Give me a number: What's my net worth? How much wealth tax should I be asked to pay?
(With income tax it's relatively straightforward: you're taxing actual transfers of cash or cash-equivalents from account A to account B that happened in time period Y. If the societal goal is to achieve more progressive redistribution of wealth, isn't it much simpler to just modify the income tax brackets and rates?)
I do think the implementation is difficult with privately owned businesses. I agree - it seems very difficult to do so but not impossible to do if we figure that the wealth tax would only be implemented for those individuals holding stakes in companies worth more than 10M (or whatever)
The idea that PG "modeled" a wealth tax without factoring in that investments grow (not just due to increasing their success - but many investments grow slowly and surely due to boring factors like inflation and population growth) is intentionally obfuscating the truth.
(BTW it seems there've been some changes made to pg's post[1][2])
[1] http://web.archive.org/web/20200818133017/http://paulgraham....
[2] http://paulgraham.com/wtax.html
- Taxes are guaranteed, but growth isn't. It also doesn't come for free, it takes work. You can't just say "hey S&P returned 10% last year, I'll assume that for a given". Also wealth is often non-diversifiable - Elon Musk's or Jeff Bezos' wealth are tied to their companies. They could feasibly take a 50% tumble in a year (can't see how but it's totally possible). Of course these two will still be very rich even then, but what about 'minor' millionaires?
- People with these levels of wealth already pay, or should pay, high taxes on other things: CGT, VAT, income tax, corporation tax, land / real estate taxes.
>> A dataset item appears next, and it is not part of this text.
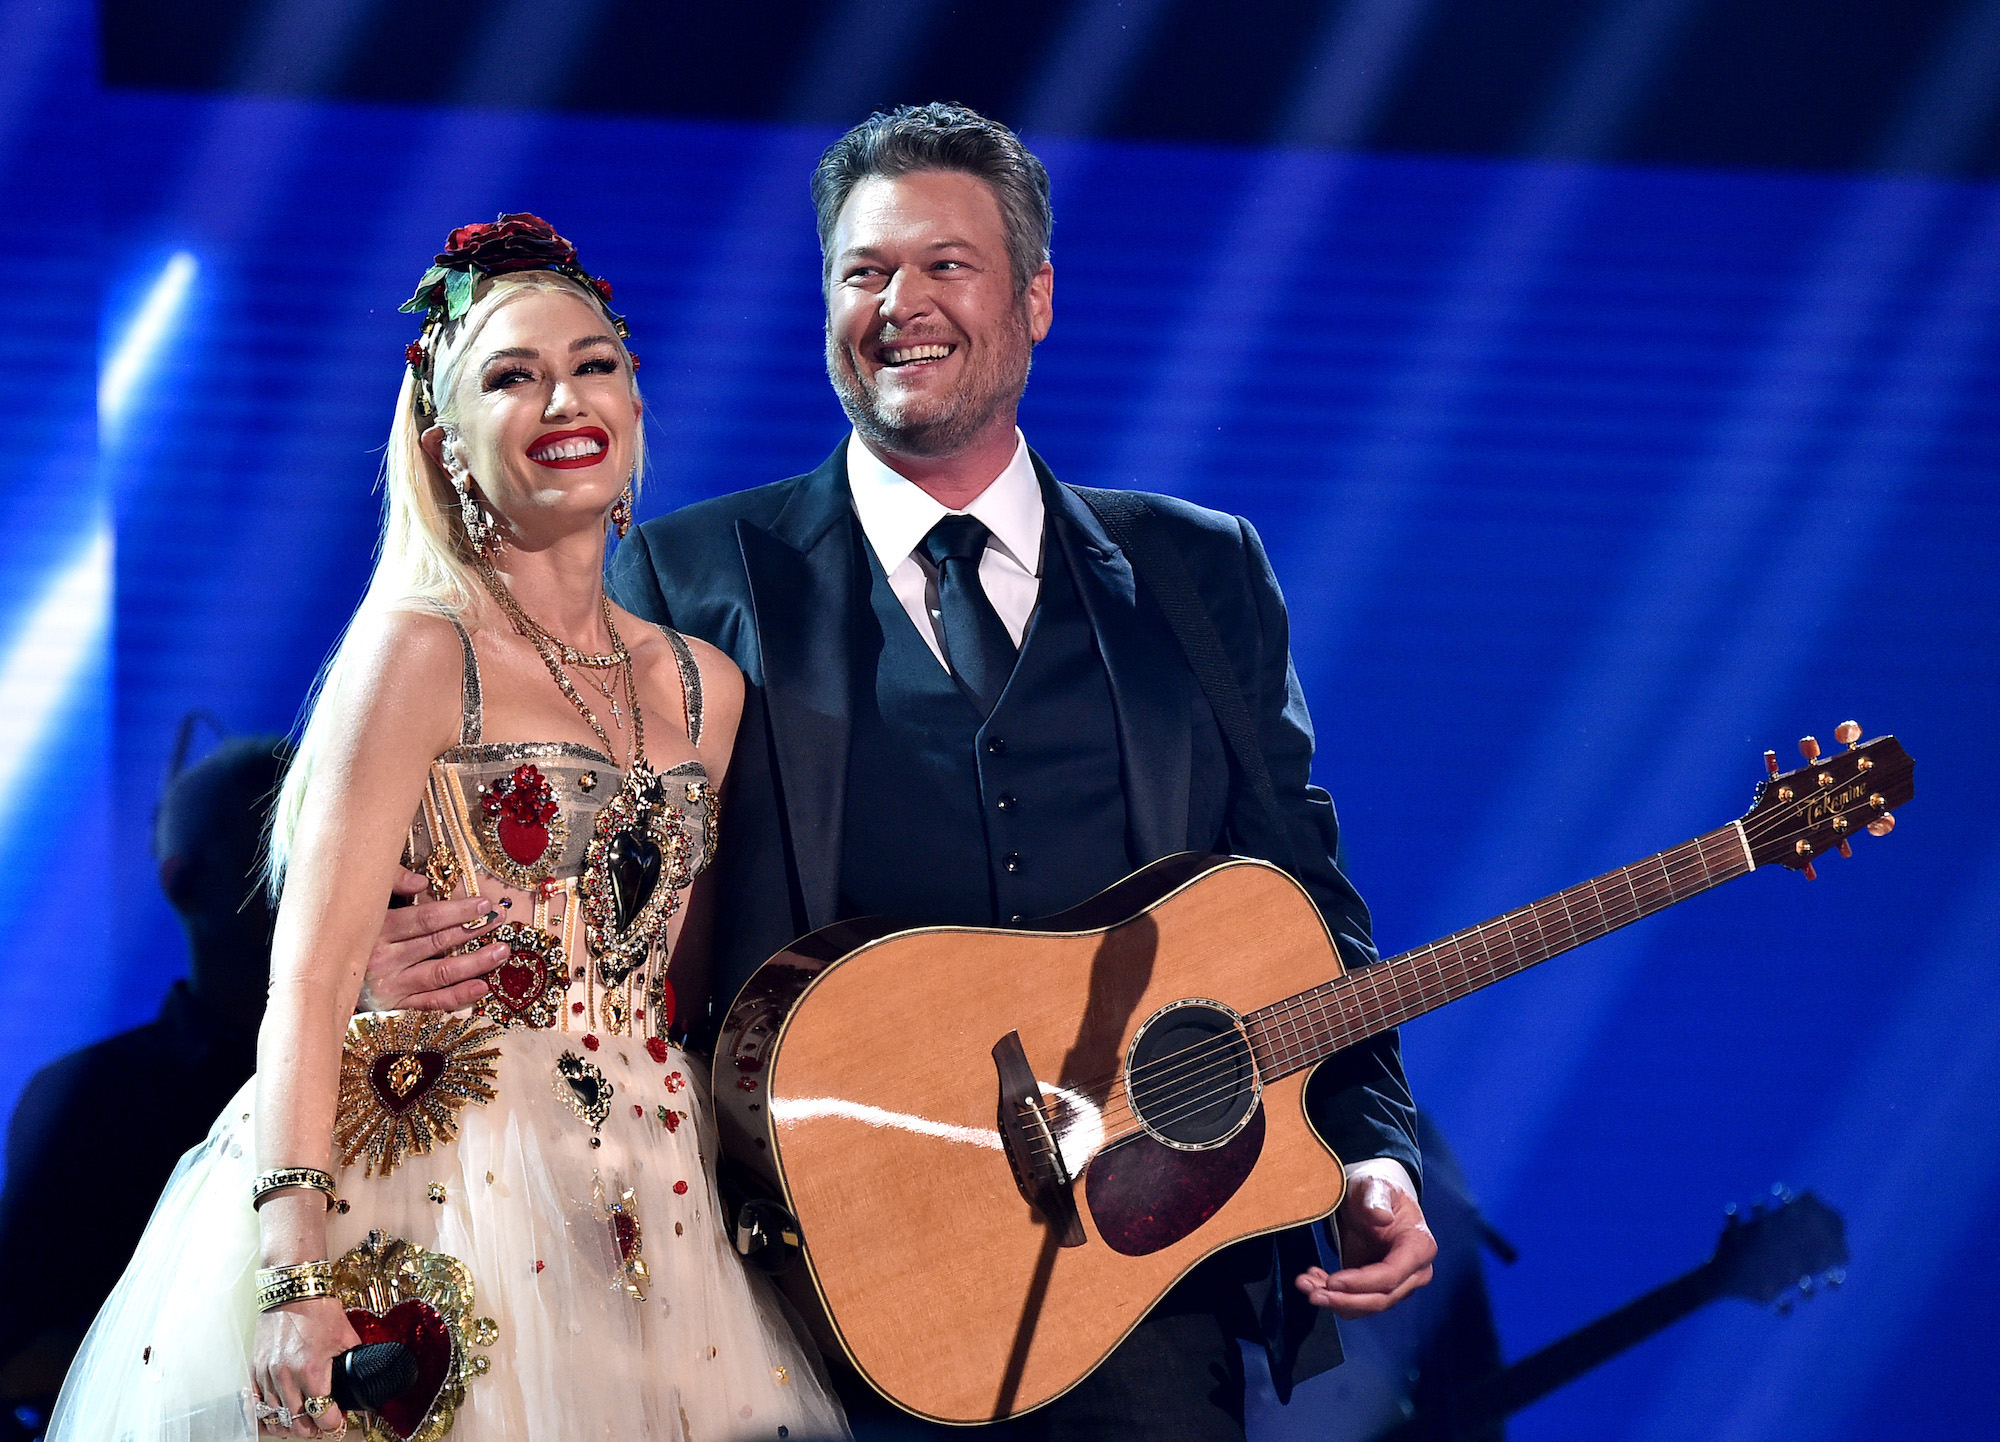 There’s No Proof Blake Shelton and Gwen Stefani Will Spend $10 Million on Their Wedding

If they don't, then this is the real problem, you shouldn't fix it by just adding another patch on top of a stack of leaky patches. Already, in all developed economies I know of, a huge chunk of income tax comes from the top earners.
- And further to that, taxation isn't simply about maximal resource extraction from a productive population. Tax is a societal commitment to fund things we all care about. It is generally widely understood and accepted that wealthier people pay more, because the poor can't. But when the rhetoric becomes "let's extract as much as we can from the rich, look here's a notebook that shows we can", I'm not surprised people start looking at tax avoidance. As the rich person, you become dissociated from the society - they are only there to shear you, so why should you make an effort to give back?
- And it's not inherently wrong to be rich, also. Sure, some people are rich and abuse other people, possibly with some strong ties between one and the other. But the solution isn't a punitive tax. In a way, that makes it worse - makes it feel like you paid your dues and now you're really above the law.
- The point of wealth is that it should be productive. So the business of being rich is to have money, have it return an interest higher than inflation (on which you already pay CGT usually), and consuming the excess. It's not enough for the tax to be below average growth rates.
Perhaps I should explain, that I write this from (a) outside US where there doesn't seem to be such a toxic inequality in the society (and not simply because of wealth taxes...), and (b) I'm not rich, but hey, I'm working hard to maybe be there one day. I don't want my hard work to then turn around on someone's misguided notebook.
Example: he doesn't take into account the fact that investments can and do go down in value, and you have to sell to pay taxes, even when the value drops.